Shallow marine ecosystem collapse and recovery during the Paleocene-Eocene Thermal Maximum

Abstract

The Paleocene-Eocene Thermal Maximum (PETM), the most well-studied transient hyperthermal event in Earth history, is characterized by prominent and dynamic changes in global marine ecosystems. Understanding such biotic responses provides valuable insights into future scenarios in the face of anthropogenic warming. However, evidence of the PETM biotic responses is largely biased towards deep-sea records, whereas shallow-marine evidence remains scarce and elusive. Here we investigate a shallow-marine microfaunal record from Maryland, eastern United States, to comprehensively document the shallow-marine biotic response to the PETM. We applied birth-death modeling to estimate the local diversity dynamics, combined with evaluation of time-variable preservation artifacts. We discovered strong increase of species disappearance and appearance predating the onset and at the final recovery phase of the PETM, respectively.
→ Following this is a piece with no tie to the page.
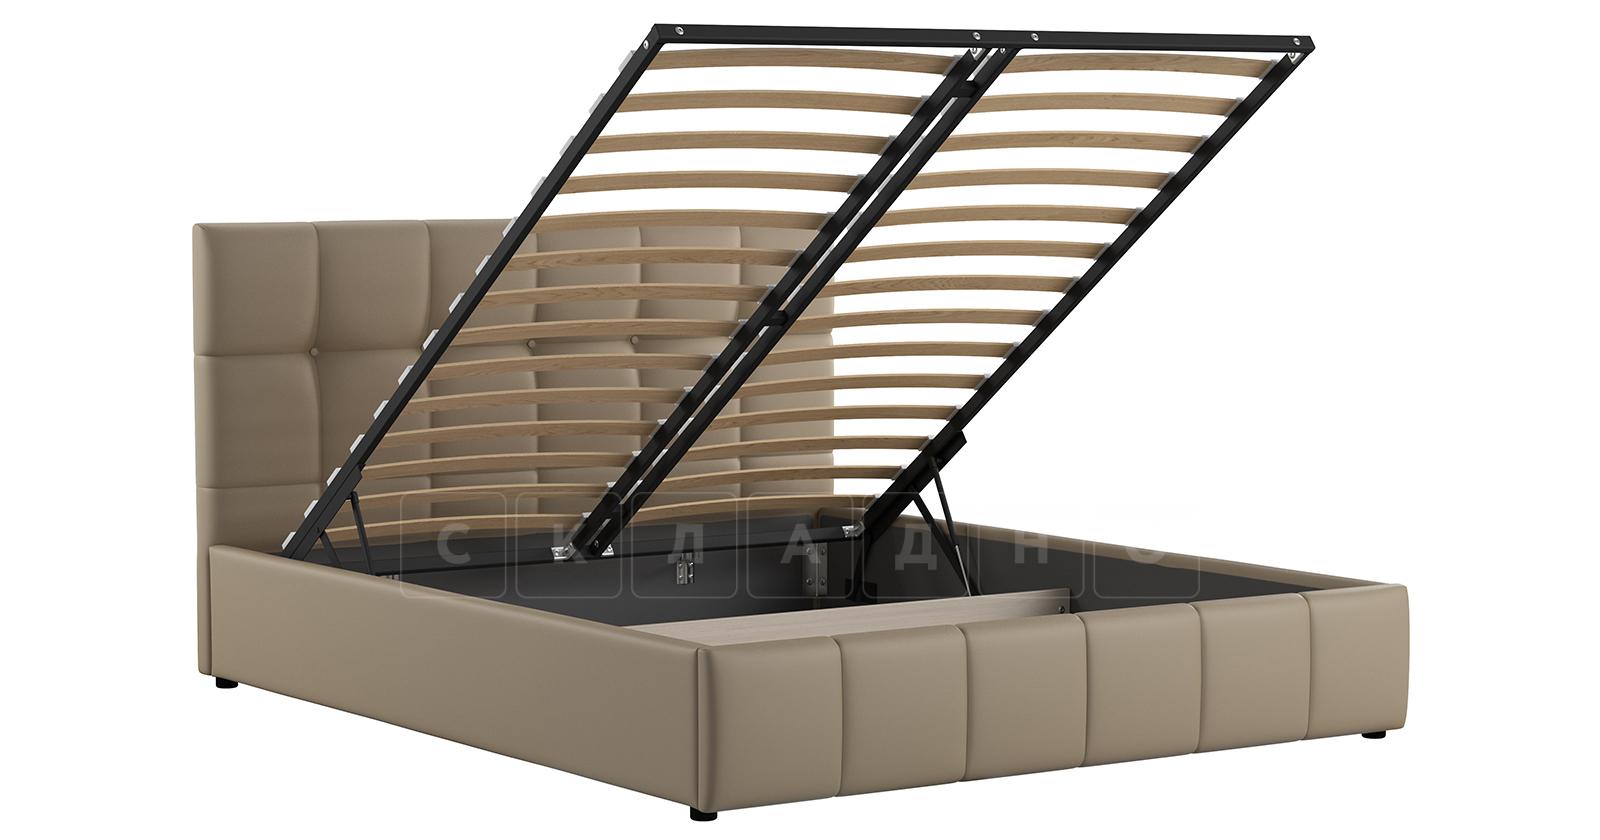 Мягкая кровать Хлоя 160 см капучино с подъемным механизмом фото 2 | интернет-магазин Складно

Our paleoecological analyses indicate that bathymetric habitat compression due to extreme warmth and oxygen minimum zone expansion caused shallow-marine benthic species extirpation and ecosystem perturbation during the PETM; and that rapid recovery and diversification followed the PETM disaster, thus contributing new understanding to the shallow-marine biotic changes in a broad context of global warming. • Local extinction event predates the Paleocene-Eocene Thermal Maximum (PETM) onset. • Rapid local diversification occurred when the PETM anomalies terminated. • A clear perturbation-recovery pattern of the shallow-marine ecosystem across PETM. • Habitat compression by warming and deoxygenation led to local PETM extinction. • Biodiversity loss by hyperthermal events may be irreversible.